The Orangutan is one of our closest and most enigmatic relatives, sharing 97% of our DNA.
Their name is derived from the Malaysian words orang hutan, which means the person of the forest.
According to recent research, orangutans are the world’s most intelligent animal other than humans, with higher learning and problem solving ability than chimpanzees, which were previously considered to have greater abilities.
They have been documented to use tools like chimpanzees, but also have been found capable of other tasks beyond chimpanzees’ abilities such as using leaves to make rain hats and leak proof roofs over their sleeping nests.
But there are still many questions about their intelligence and social behaviour that will probably remain unanswered.
It is now clear that if their habitat continues to be destroyed at the current rate, they will be extinct in 5 to 8 years.
There are only an estimated 50,000 orangutans left in the wild, 90 % of them are in Indonesia and the rest in Malaysia. Most live in small, scattered populations that cannot take the destruction on the forests much longer. Trees are being cut at a rate of 300 football fields every day. The majority of the cleared forest is being converted into huge oil palm plantations.
Palm oil is currently considered the most productive source of biodiesel fuel, and Indonesia and Malaysia account for 83 % of its global production.
A United Nations report has found that “illegal logging and fires have been overtaken as the primary cause of deforestation by a huge expansion of oil palm plantations, which are racing to meet the increasing demand from western food manufacturers and the European Union’s increased demand for biofuels.”
But several new studies show that the biodiesel boom is doing exactly the opposite of what its supporters intended: it’s dramatically accelerating global warming instead of saving us from it.
The basic problem with most biofuels is very simple: using land to grow fuel leads to the destruction of forests that store enormous amounts of carbon. Indonesia has burned so much forest to grow palm oil trees for biodiesel that its ranking among the world’s top carbon emitters.
The studies which favored biofuels did not take into consideration whether the crops would ultimately replace vegetation and soils that sucked up even more carbon. It was as if they assumed biofuels would be grown in parking lots.
One groundbreaking new study in Science concluded that when this deforestation effect is taken into account, corn ethanol and soy and palm biodiesel produce about twice the emissions of gasoline.
But while the western world drives their cars fueled by biodiesel from palm oil, more than 5.000 orangutans die every year.
Dr. Galdikas, a pioneer in Orangutan conservation (the Jane Goodall of Orangutans but not as famous) runs a rehabilitation center with more than 300 animals orphaned when their mothers were killed by palm oil plantation workers.

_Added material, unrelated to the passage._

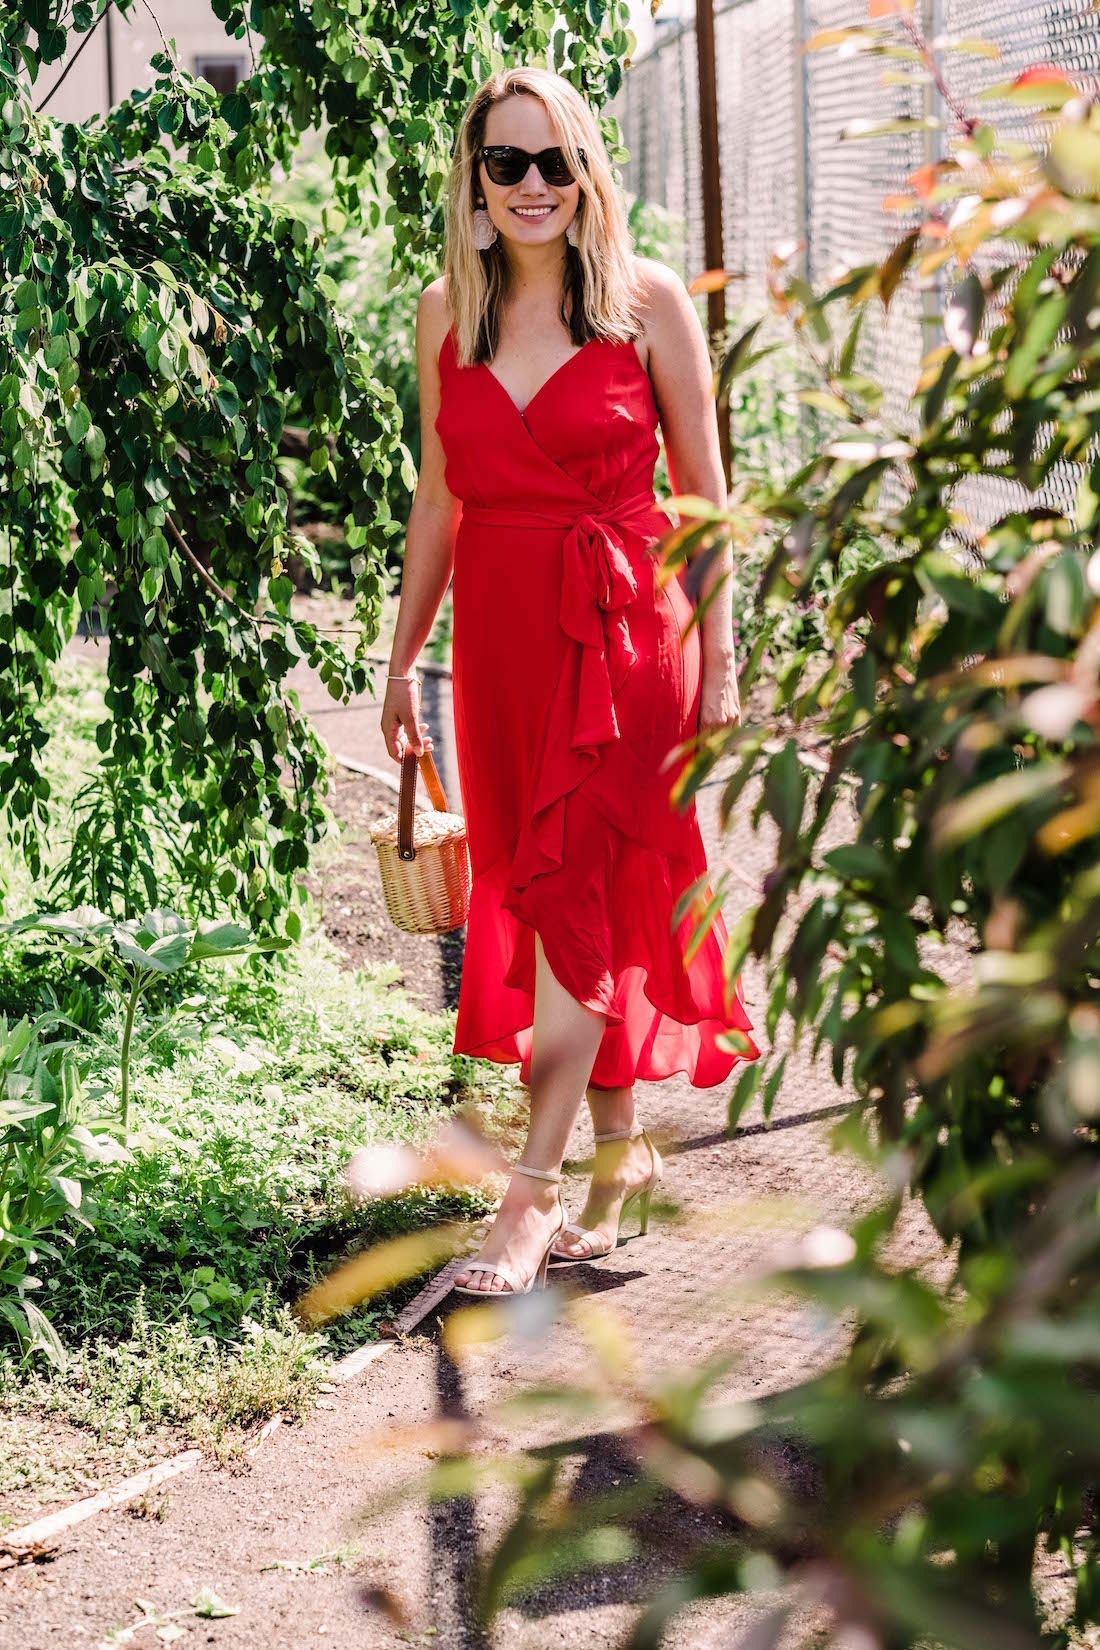 Emoji Dress - j.crew red wrap dress featured - The Stripe

In a recent article she explains that “Many come in very badly wounded, suffering from malnutrition, psychological and emotional and even physical trauma”. After years of being cared for in the center, they introduce them back to the wild, but she explains that “it is getting harder and harder to find good, safe forest in which to free them”.
Friends of the Earth state in their report “Oil for Ape” that “Destructive oil-palm plantations will continue to spread, and the forests of Borneo and Sumatra will continue to be destroyed, unless the governments of Indonesia and Malaysia recognize the customary land rights of indigenous peoples and local communities”.
The Indonesian government took the indigenous land and is now selling it to the Palm Oil corporations. They are both making more money than they could ever imagine.
Don’t be fooled by this fuel; biofuels are not clean energy. Not only do they contribute to carbon emissions by replacing forests, but also kill thousands of animals by destroying their habitat, and the Orangutans have very little time left.